DATA SECTION
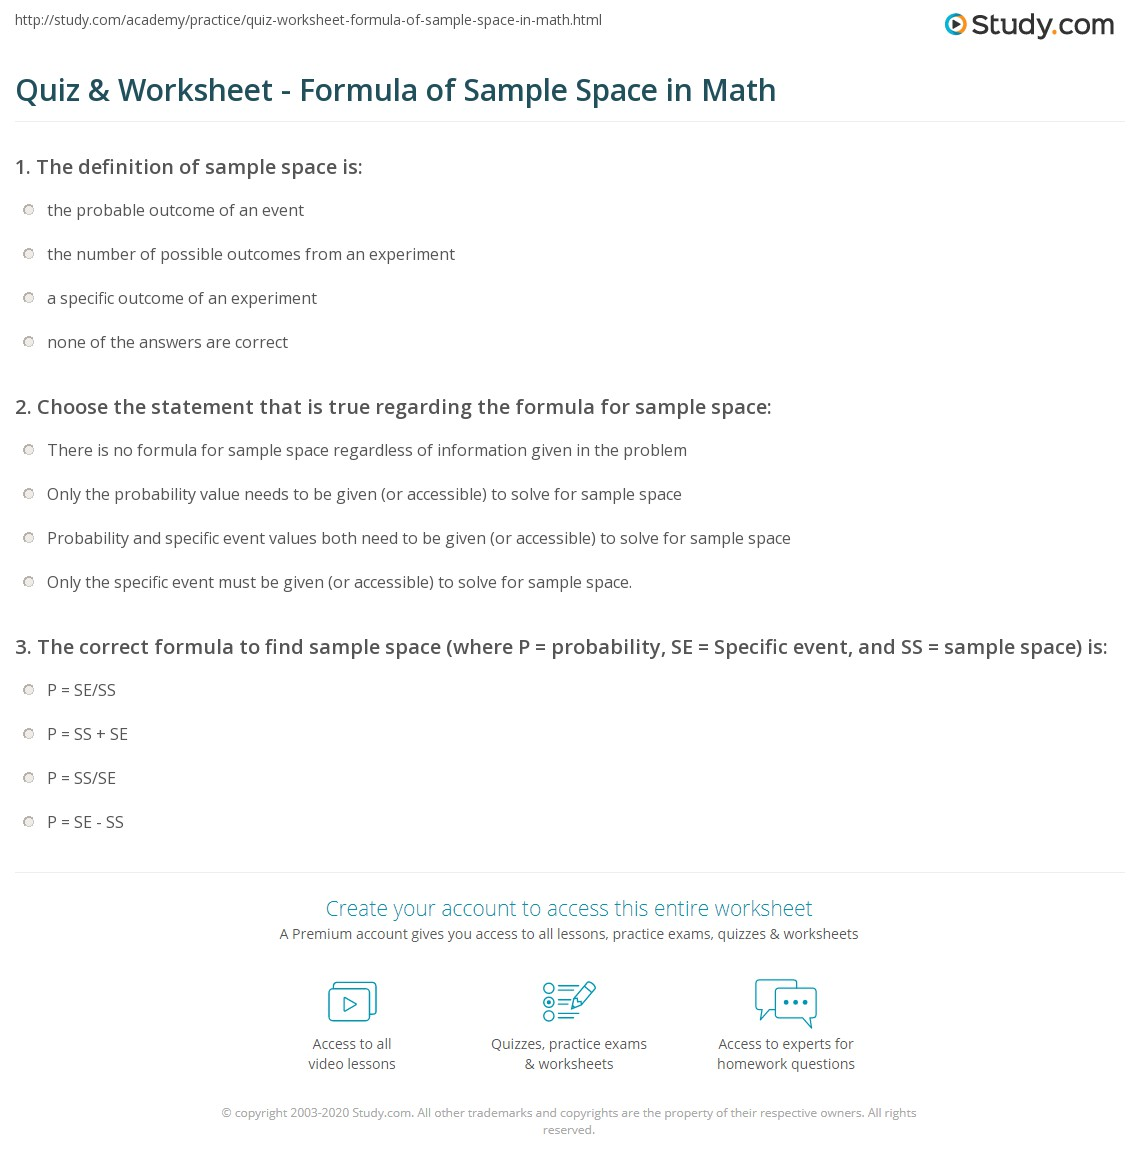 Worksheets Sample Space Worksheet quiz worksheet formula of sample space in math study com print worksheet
...
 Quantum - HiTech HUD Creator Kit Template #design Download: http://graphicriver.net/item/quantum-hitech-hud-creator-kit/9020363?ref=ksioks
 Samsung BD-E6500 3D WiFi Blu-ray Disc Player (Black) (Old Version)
--
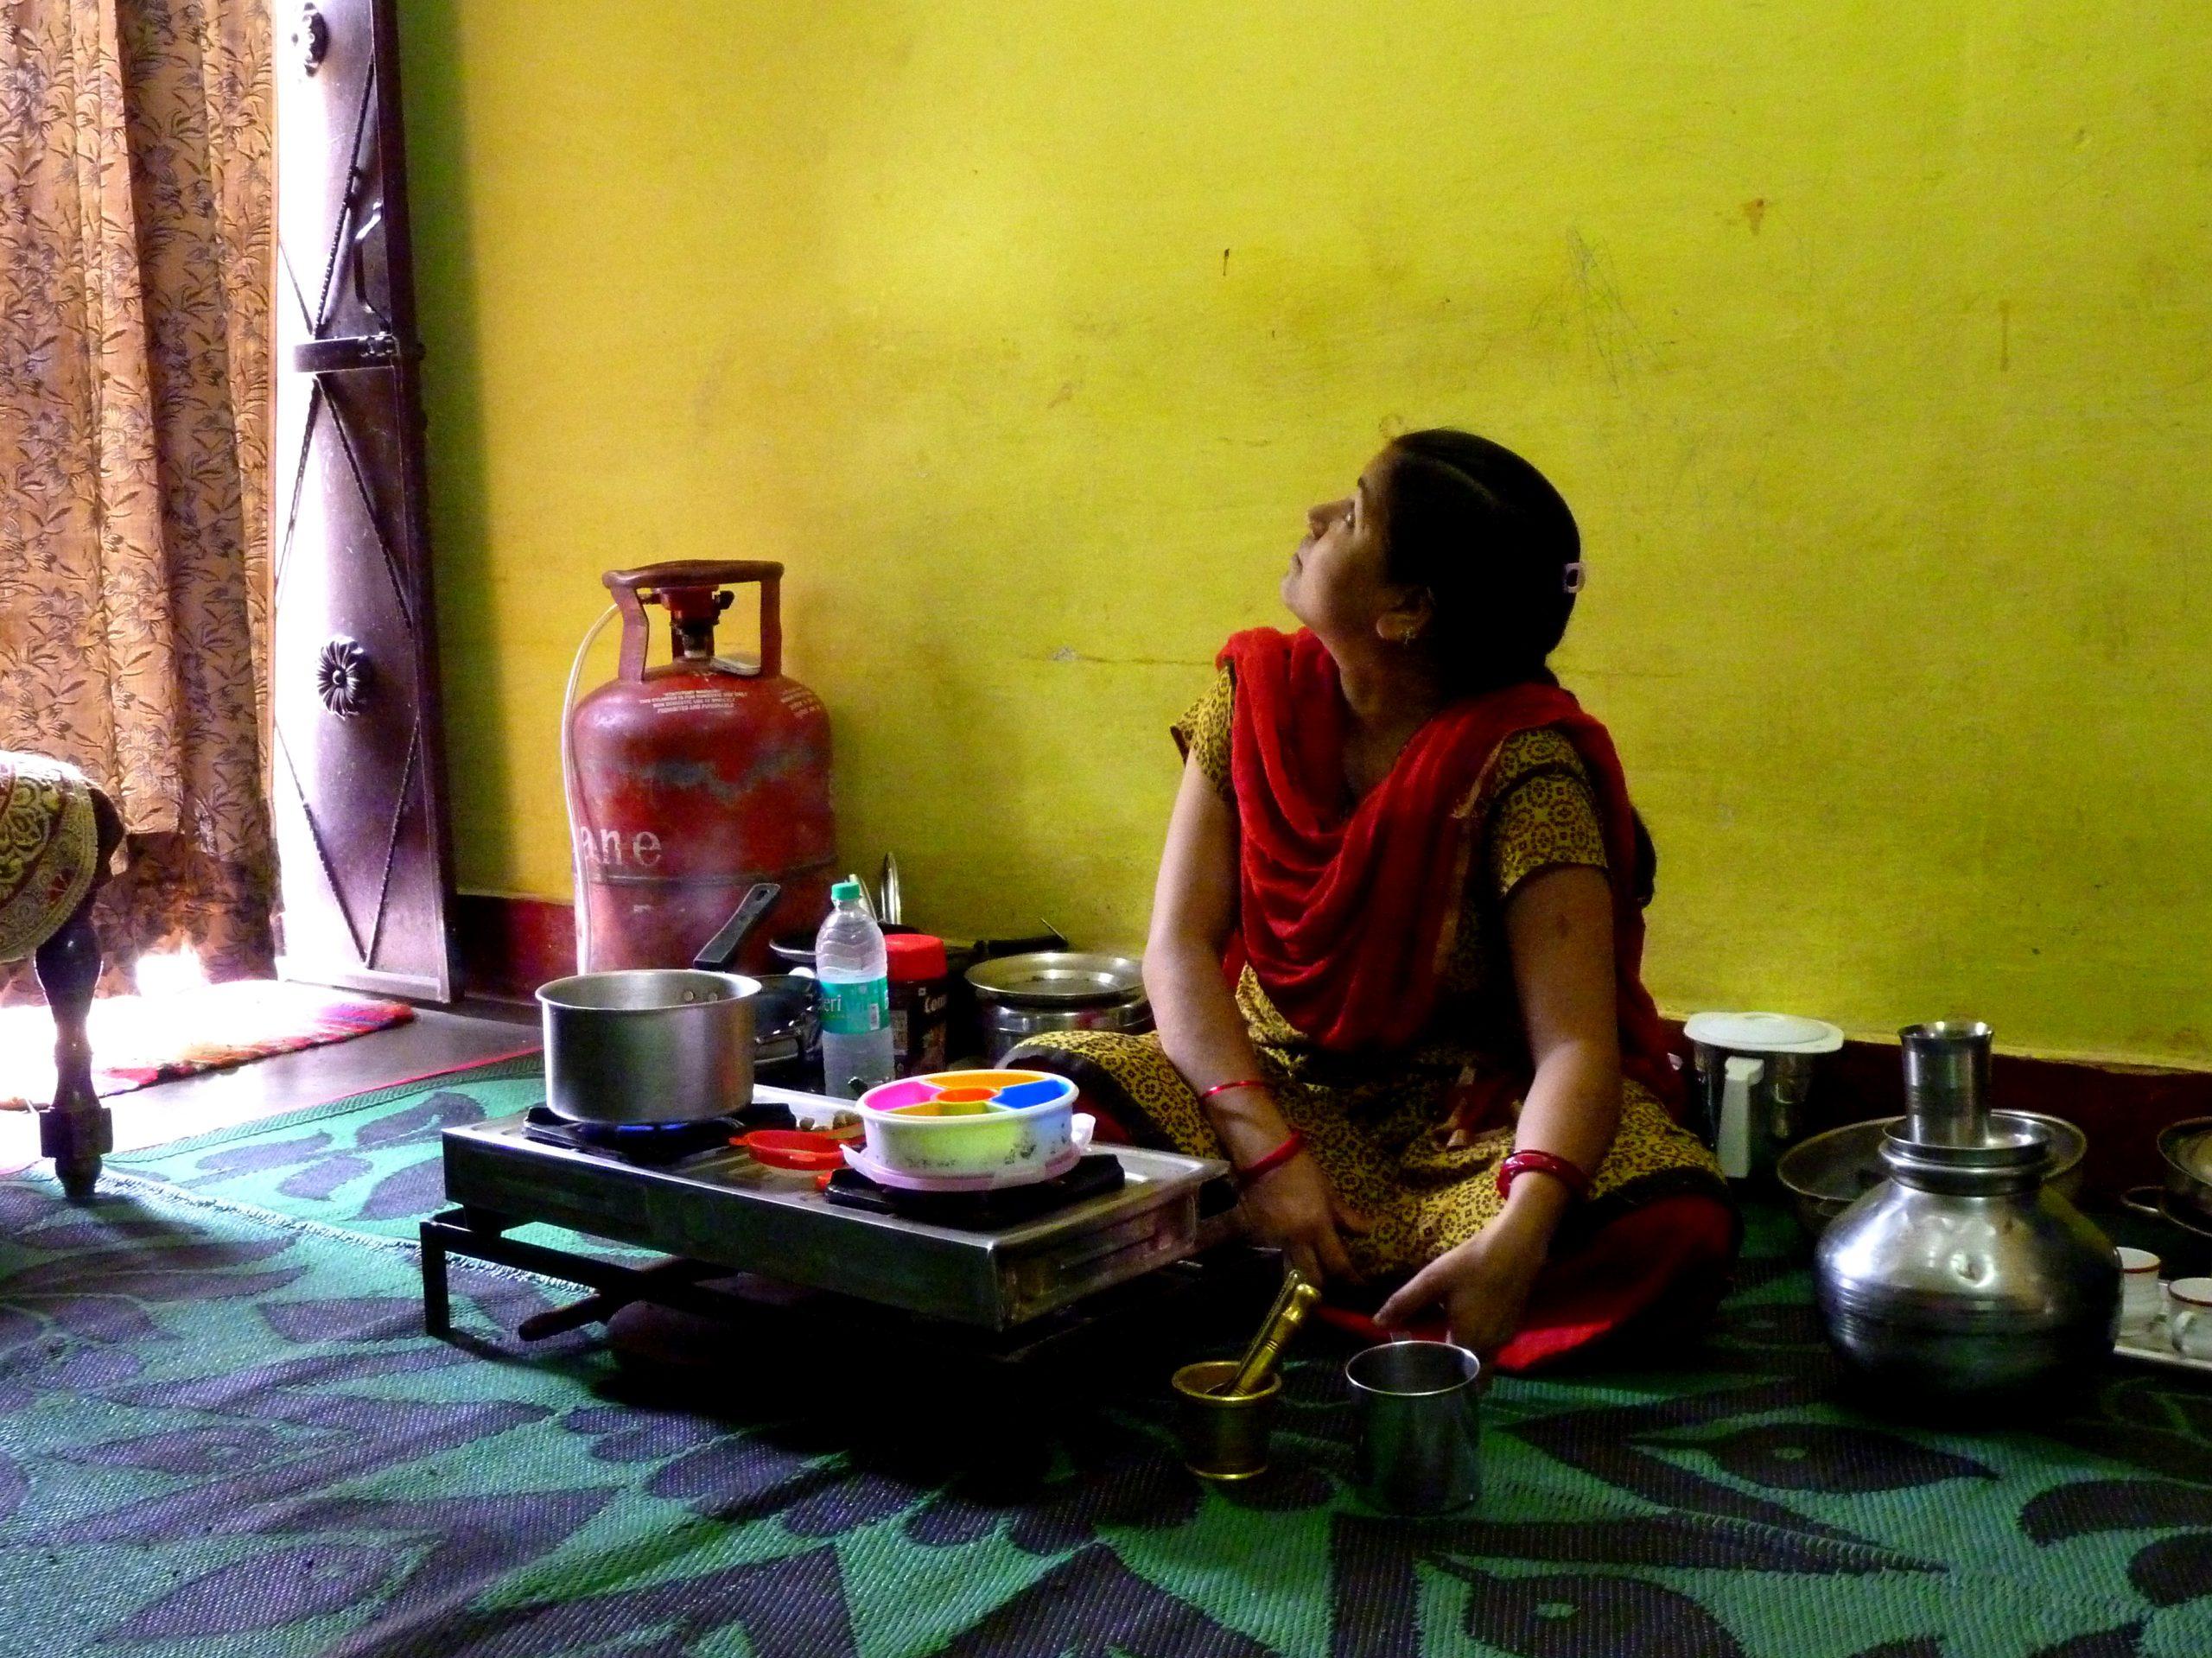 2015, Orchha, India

TASK OBJECTIVE
Restate word for word the lines in the material above from the one with "Quantum - HiTech" to the one with "Samsung BD-E6500 3D"; both of those lines count, and nothing else does.

RESPONSE TO THE TASK
 Quantum - HiTech HUD Creator Kit Template #design Download: http://graphicriver.net/item/quantum-hitech-hud-creator-kit/9020363?ref=ksioks
 Samsung BD-E6500 3D WiFi Blu-ray Disc Player (Black) (Old Version)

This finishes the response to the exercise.